[Start of section]

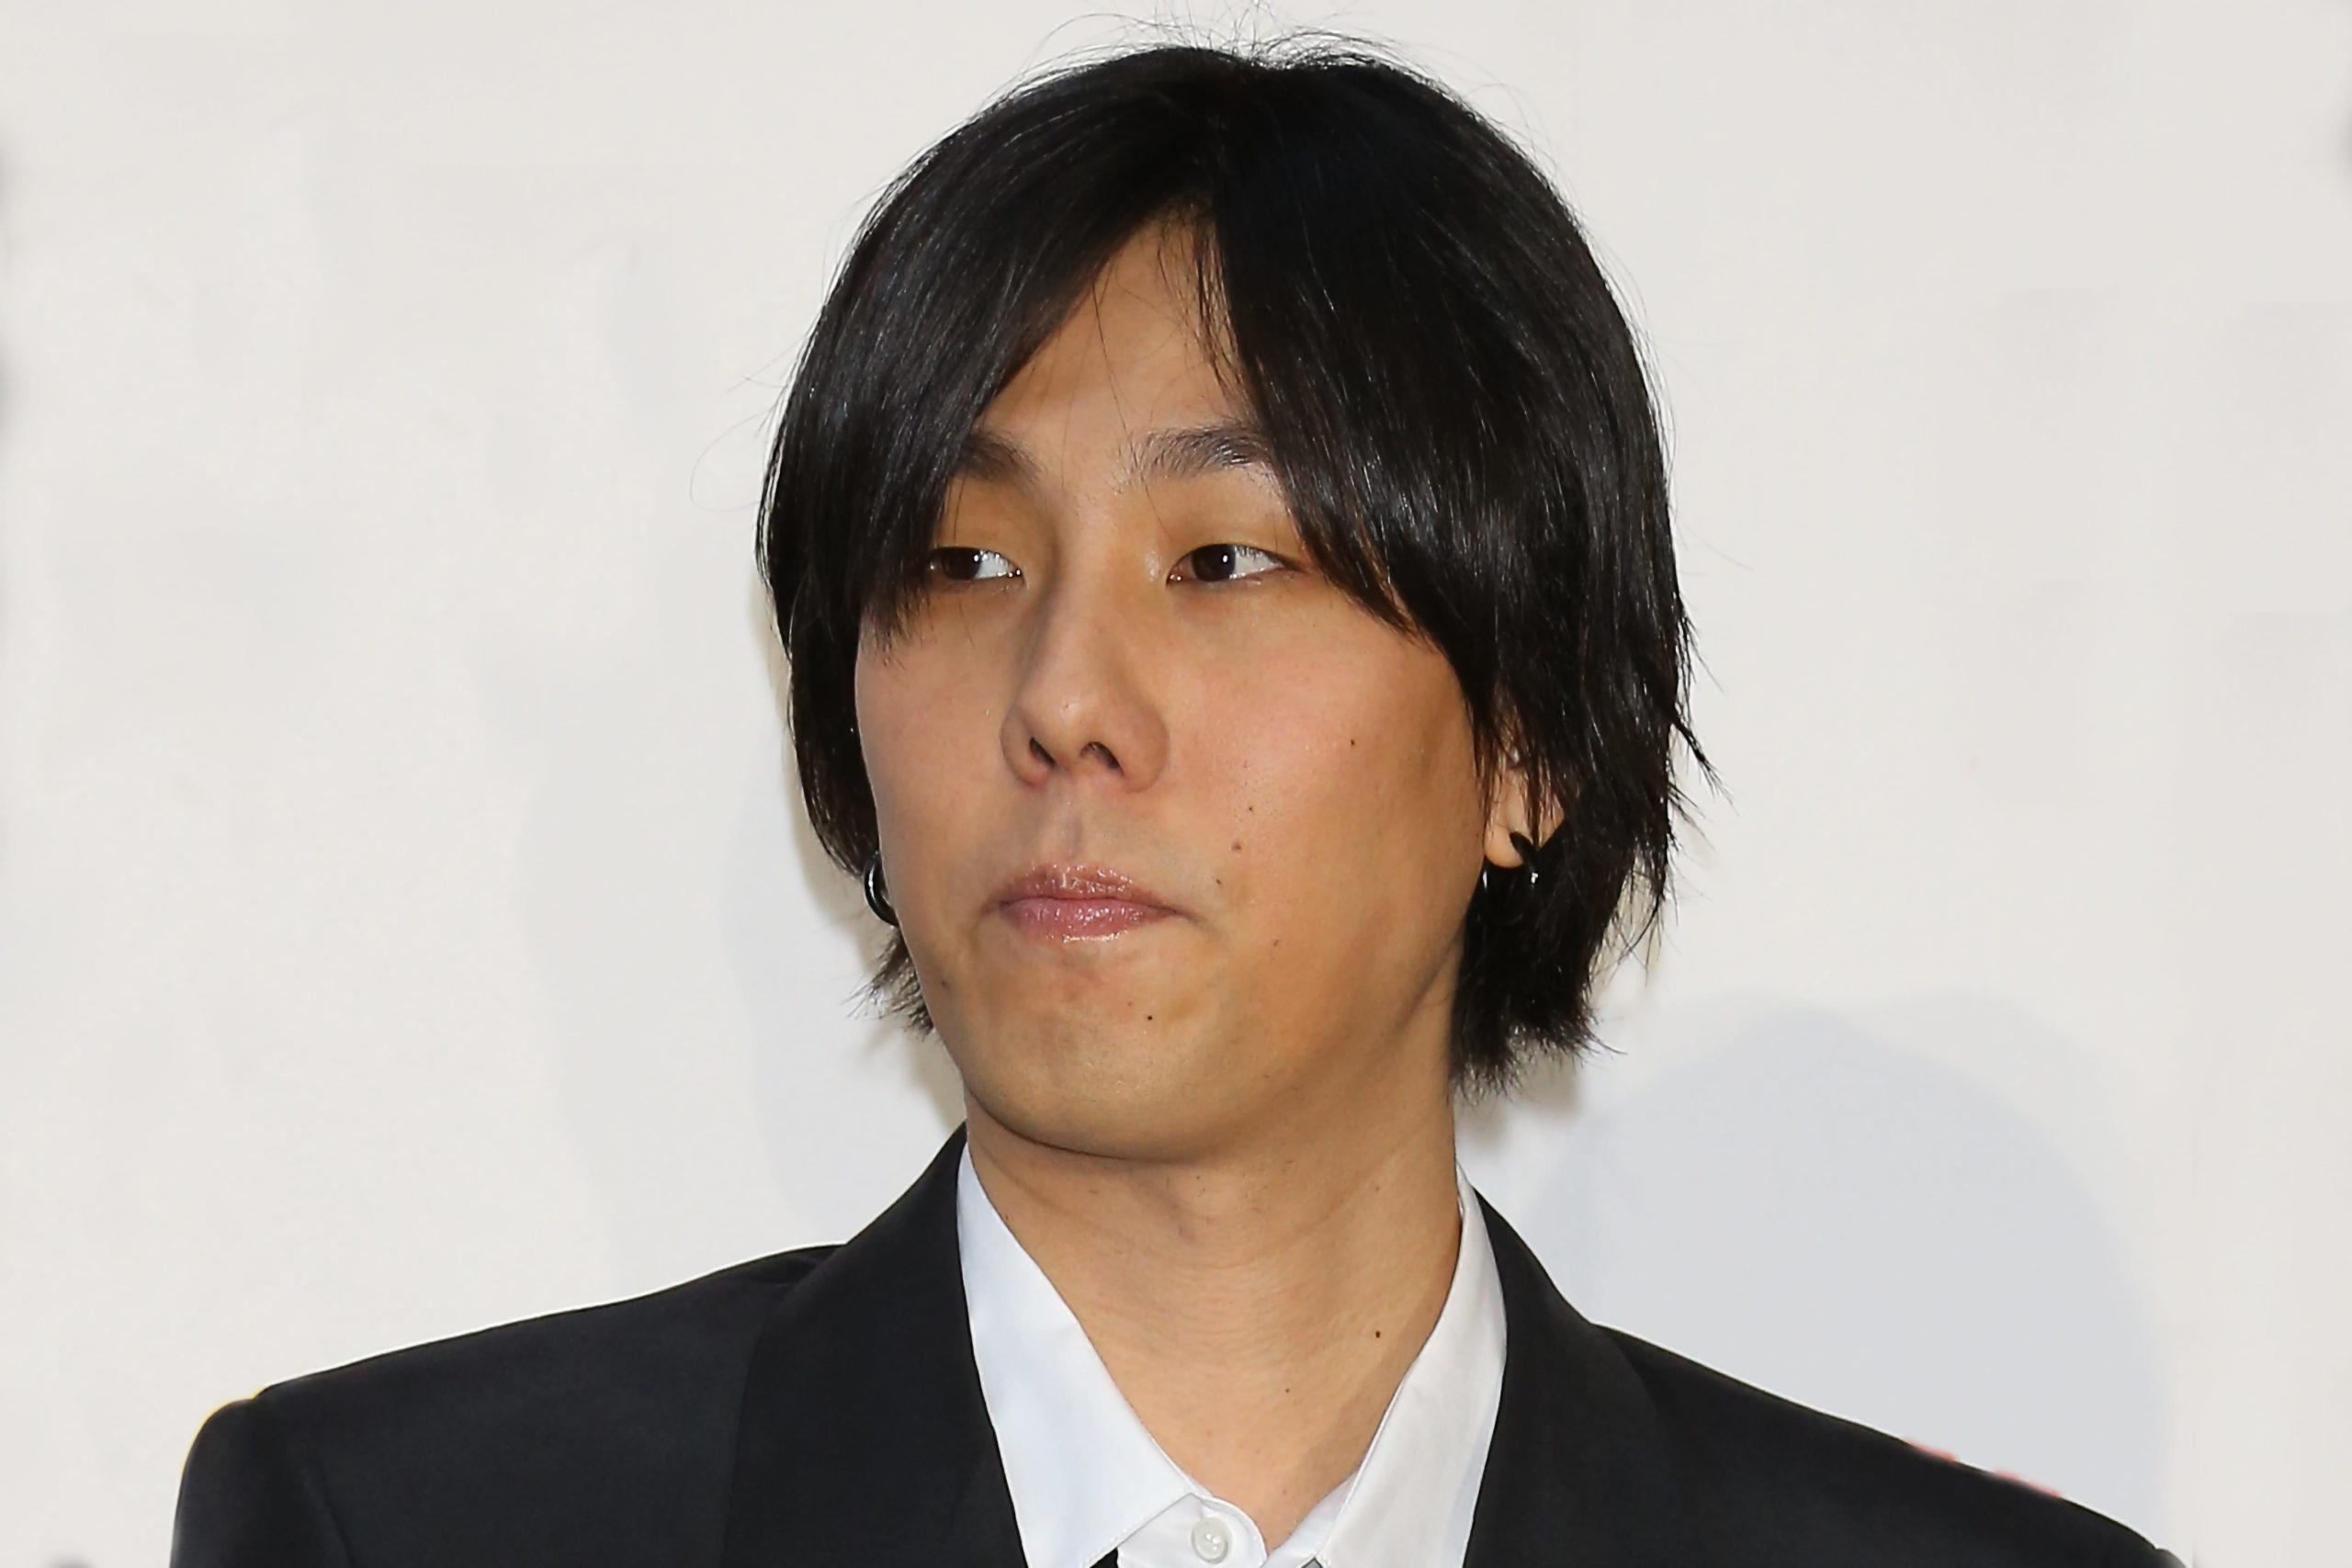 野田洋次郎・RADWIMPS
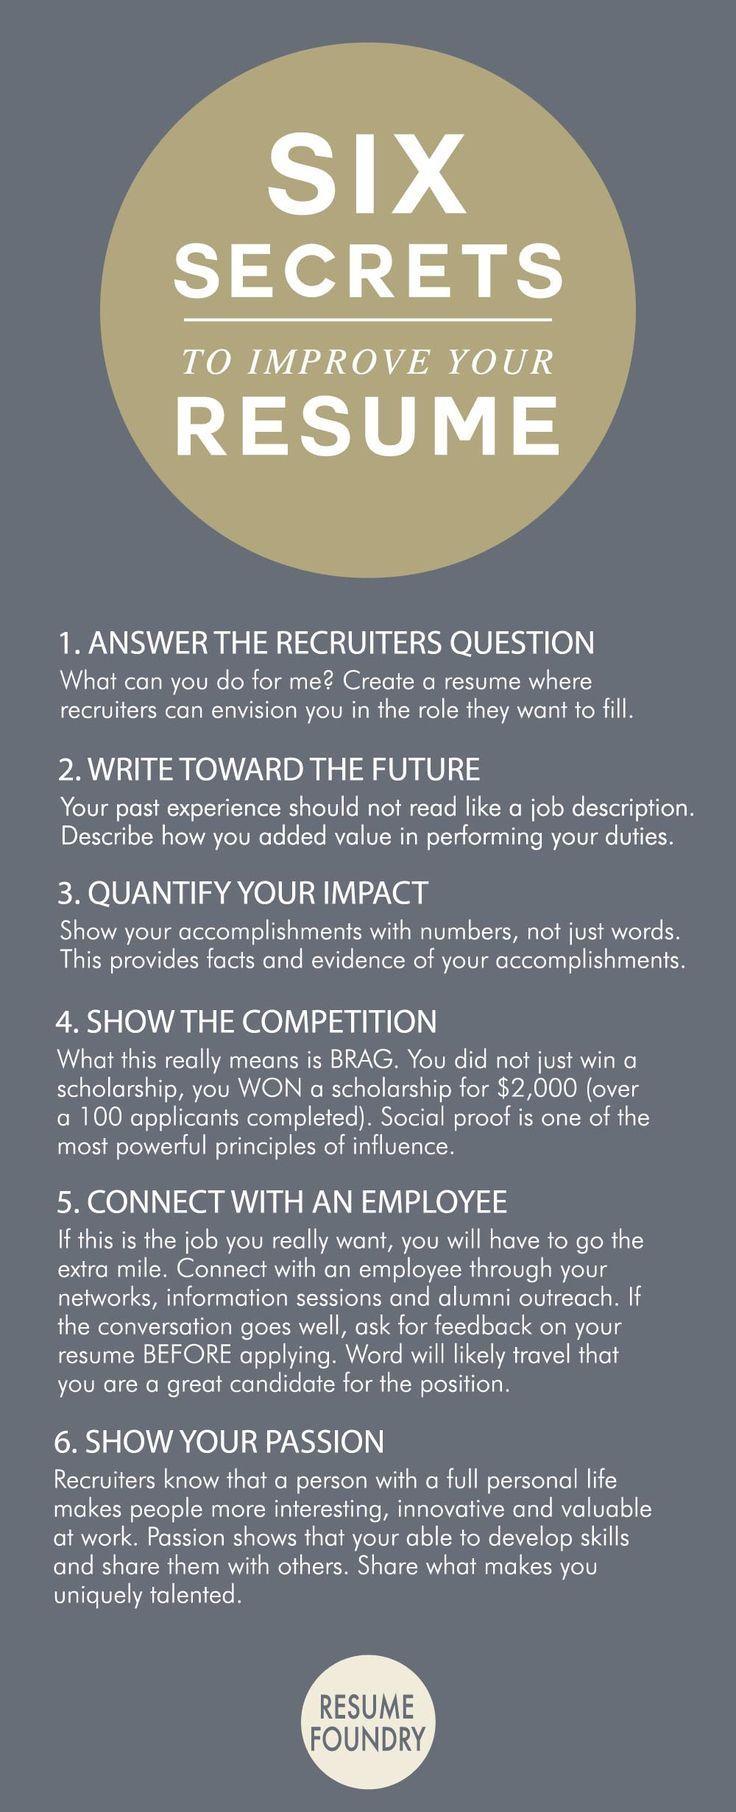 Resume Infographic U0026 Advice Six Amazing Secrets To Improve Your Resume.  Image Description Six Amazing Secrets To Improve Your Resume.
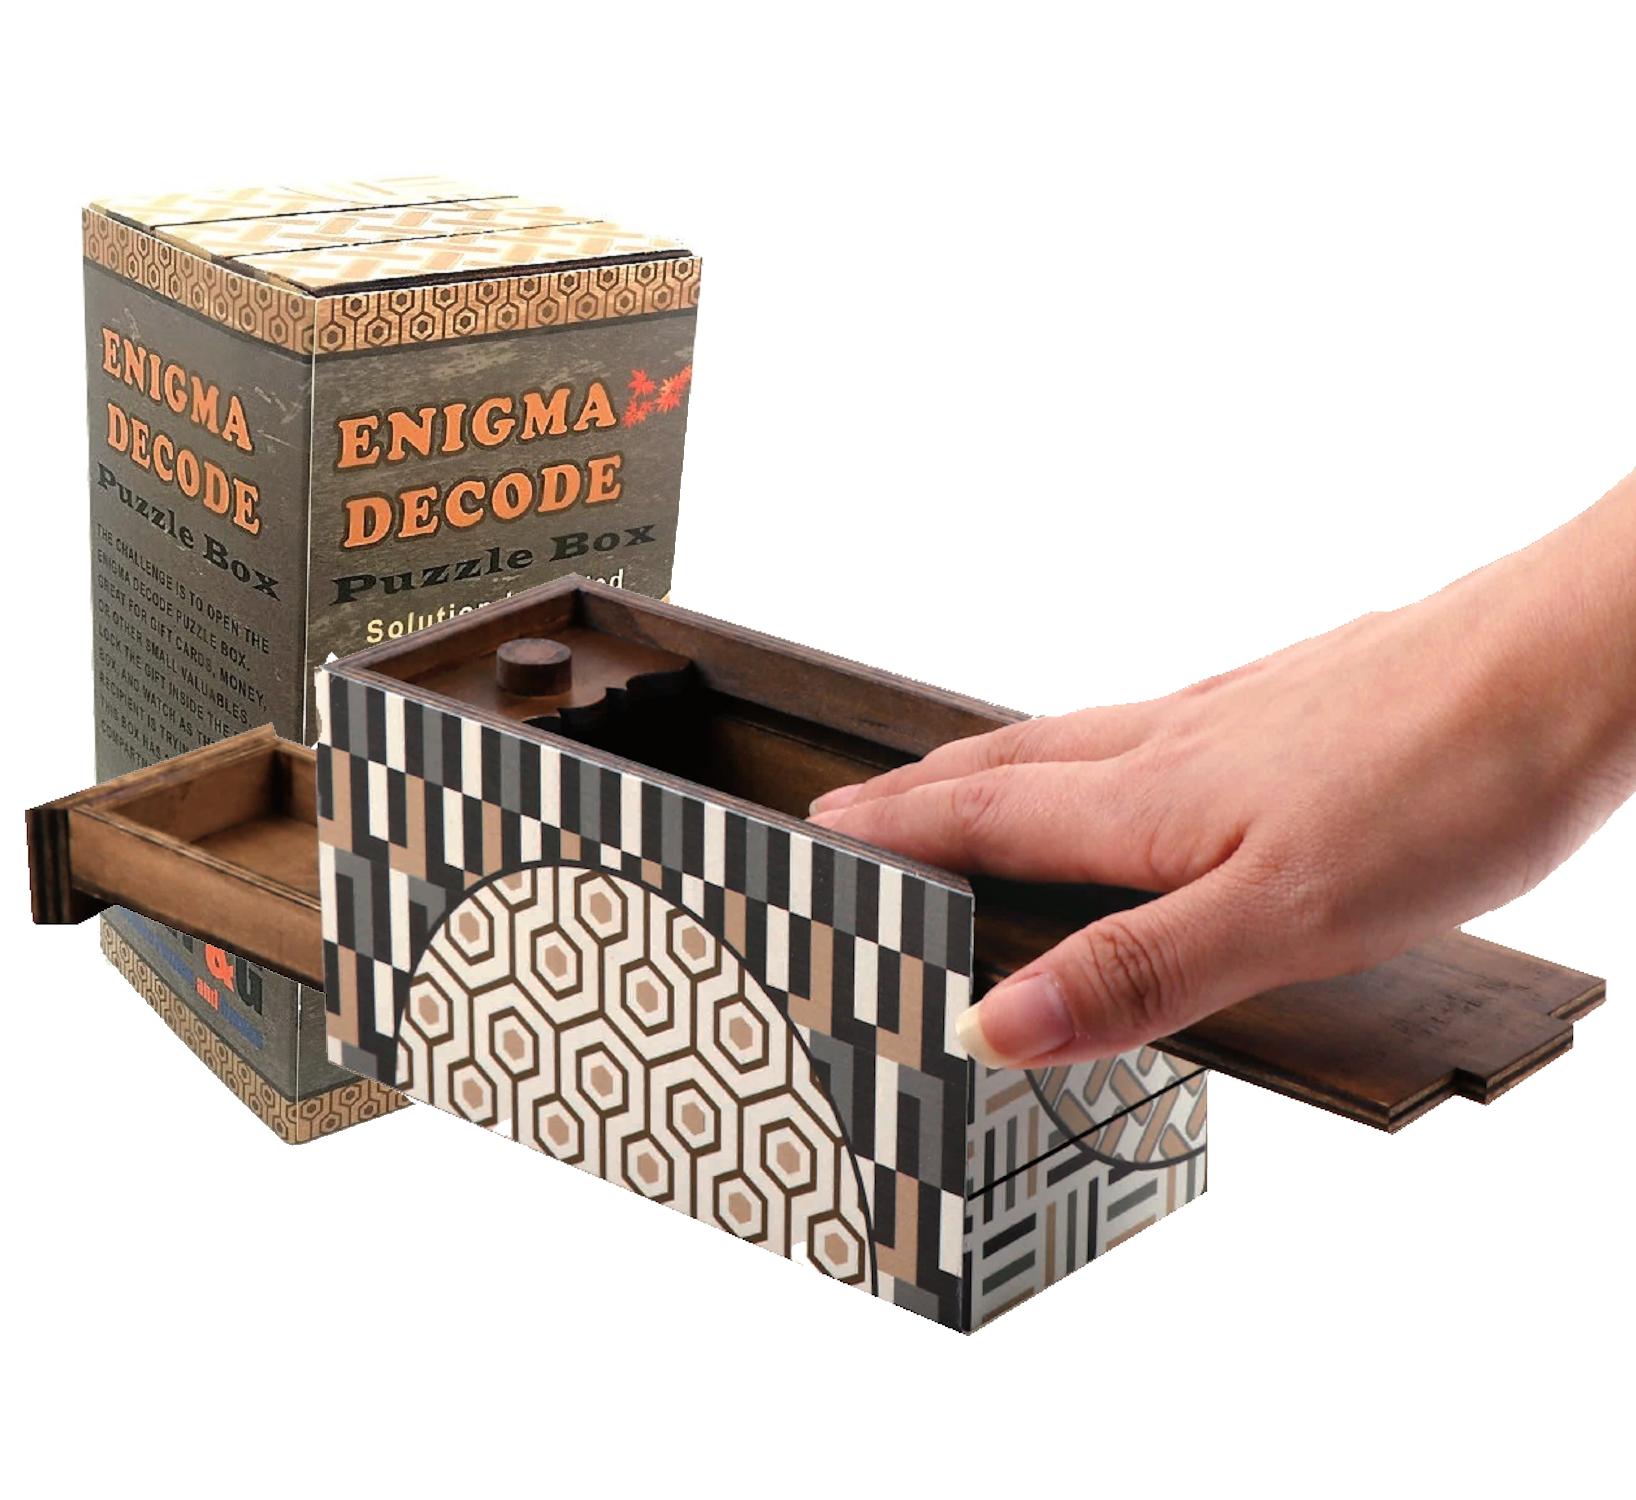 Enigma Decode Puzzle Box Money Gift Giving Secret Box

[End of section]

WORK TASK
Transcribe the material exactly, keeping every word and none of the pictures.

ANSWER TO THIS EXERCISE
 野田洋次郎・RADWIMPS
 Resume Infographic U0026 Advice Six Amazing Secrets To Improve Your Resume.  Image Description Six Amazing Secrets To Improve Your Resume.
 Enigma Decode Puzzle Box Money Gift Giving Secret Box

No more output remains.